Ninja has some actor named scott in it. He plays the lead. And here's something I can't ever understand. Why does every white martial artist look like a teenage sylvester stallone? The big hair, the ... shall we say, "prominent" nose? You know what I mean, vern? Is there some ninjutsu dojo in Brooklyn I don't know about? Not that I would know, even if there was, but it seems like every white guy who knows martial arts looks like he came out of New York City. Hell, maybe they do. That having been said, let me get to the movie.
Ninja opens, as every good ninja movie does, with ninjas training at the ninja school. Well, except first there is a bit of history about ninjas in Japanese culture, complete with what look like authentic japanese wooden scrolls with artwork on them! Even if they aren't authentic, someone put some work into them so I had to give them a shout-out. They look very realistic. And that's where the authenticity goes by the wayside. So then we see students training to become ninjas. Practicing with knives, staves, bows- and oh what's this? Is someone holding a bow backwards as they shoot arrows at a target? Why yes, yes they are. That is some badass ninja shit right there! You KNOW they are badass ninjas when they won't even hold a bow correctly! YEA, BABY!
So that just sets the tone for the rest of the movie. Now don't get me wrong, there's a lot of action. There were just so many inconsistencies that the movie kept throwing off my enjoyment of it. Let's start with the two main characters. There's a badass ninja trainee called Masazuka, and "Casey" played by that scott-actor-guy. And, now don't get me wrong, Casey has some nice moves, but even as trainees, Casey apparently can't hold his own against masazuka. Which of course, is a lot like every other ninja movie, there's always some better student out there that our hero can't beat, which sets the whole tone of the movie, because the better student is always the bad guy in these things. Well. Except in the Octagon, with Chuck Norris, wherein Chuck Norris is actually the better student, but come on... who can compete with Chuck Norris? The guy is like 100 years old and can still cripple and main someone with a harsh glance. Anyway, in all these ninja movies where there's a white guy, there's always a traditional japanese student who is a racist prick and doesn't like white people, and picks on the white guy all the time. because, you know, even Ninjas have to deal with bullies at school. lol
Now here's where the second inconsistency pops up. The first being, someone using a bow backwards. And maybe I can forgive that one because it is a TRAINEE, so maybe he's just the retarded kid that they are purposely training wrong. As a joke. He could even have been named Wimp Lo, but I can't say. Anywho, the master of the dojo is apparently called a Soke, and the Soke's daughter is in training as well, and seems to be kicking Casey's ass with a staff. Which, well, let's face it, she's the master's daughter, she better be goddamn good at being a ninja or the master is going to look like a moron. But she is consistently beating him with a staff, and yet, the master holds Casey and masazuka up to the class as people they should try and be like. Because if there is one thing teachers do, it's create rivalry among students so the swords come out. Erm. yea.

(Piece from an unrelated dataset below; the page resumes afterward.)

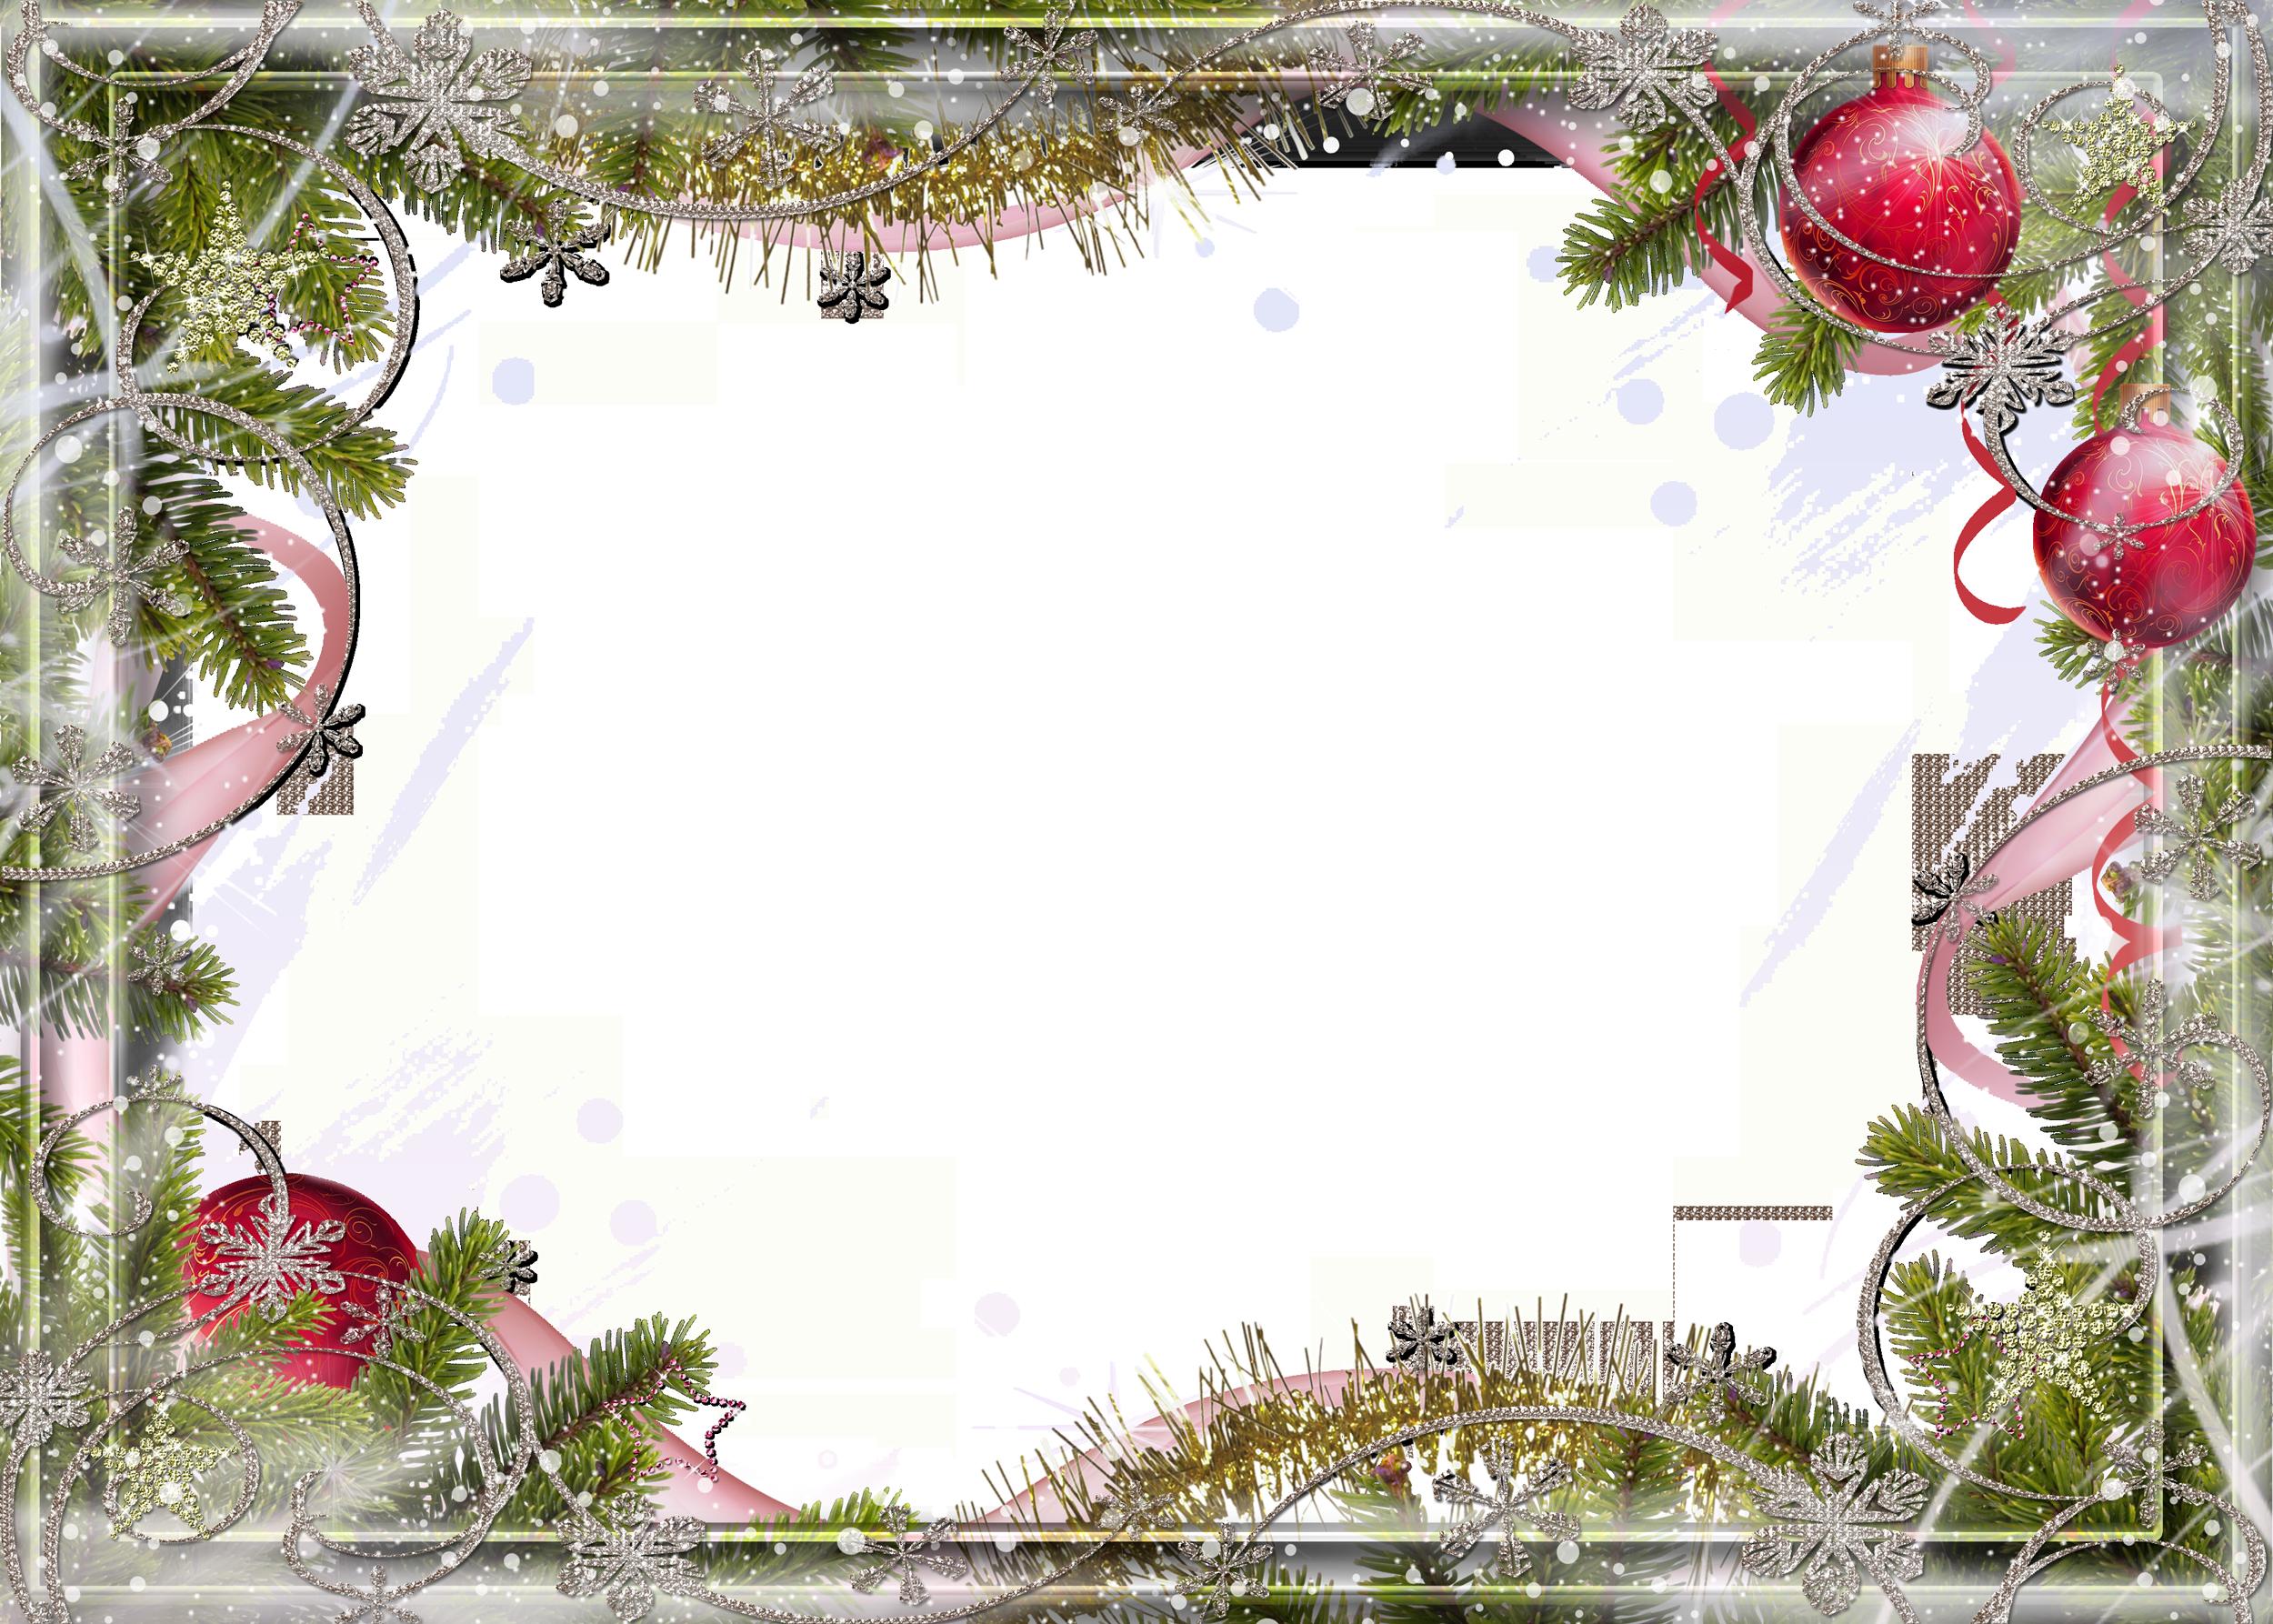 Рамка зимняя для открытки

So here's my beef with the movie. Casey fights with Masazuka, and Masazuka's tossed out of Ninja school. Typical. But masazuka is all like "but, but, I don't KNOW any other life! i've been here since I was 2!" or whatever. Which just makes me feel all sad for masazuka, because, come on, honestly, he got a little angry at the white guy (for no discernible reason, granted), but no one got hurt, maybe he disgraced himself, but was it necessary to kick him out? So he's out of school and I would guess, years pass, because the next time we see masazuka he's a badass, high priced assassin for hire. Now, think about it, the guy knows no other way of life, he'd have to start small, killing farmers and small children or something, til he attracted the attention of the big boys. Even if he used all his ninja skills and killed all his assassin rivals in the area, it would still take years for him to gather the money together to outfit his own evil lair (which he has by the next time we see him). So obviously, he's never completed ninja school, but he's got some technological substitutes to help him get by. Plus, he uses guns.
All through this movie, Casey and the Soke's daughter are fighting multiple thugs and Masazuka. Now... several things are jumping out at me here. One is, for an assassin's daughter, the chick (i can't recall her name) is barely an average fighter. She's tiny, sure. She probably weighs less than one of my legs. But.. wouldn't you think she'd be able to compensate for that? Because all through this movie, she's getting her ass kicked. Thugs, ninjas, masazuka, random people off the street are just bitchslapping her all over the place. Hell, from the looks of it, I could kick her ass, and I'm a computer geek. Where the hell is her training? She can't fight for shit hand to hand. She never bothers to try and find a weapon. We never see her grab a staff. The hero, casey, never even tosses her a pointy stick or something. So, I guess her total lack of skills make her a good heroine in distress for the hero to rescue, but come on? She's supposed to be a NINJA. The mere word should be enough to make hired killers wet their pants. She's an embarrassment to the word, if a pretty cute one.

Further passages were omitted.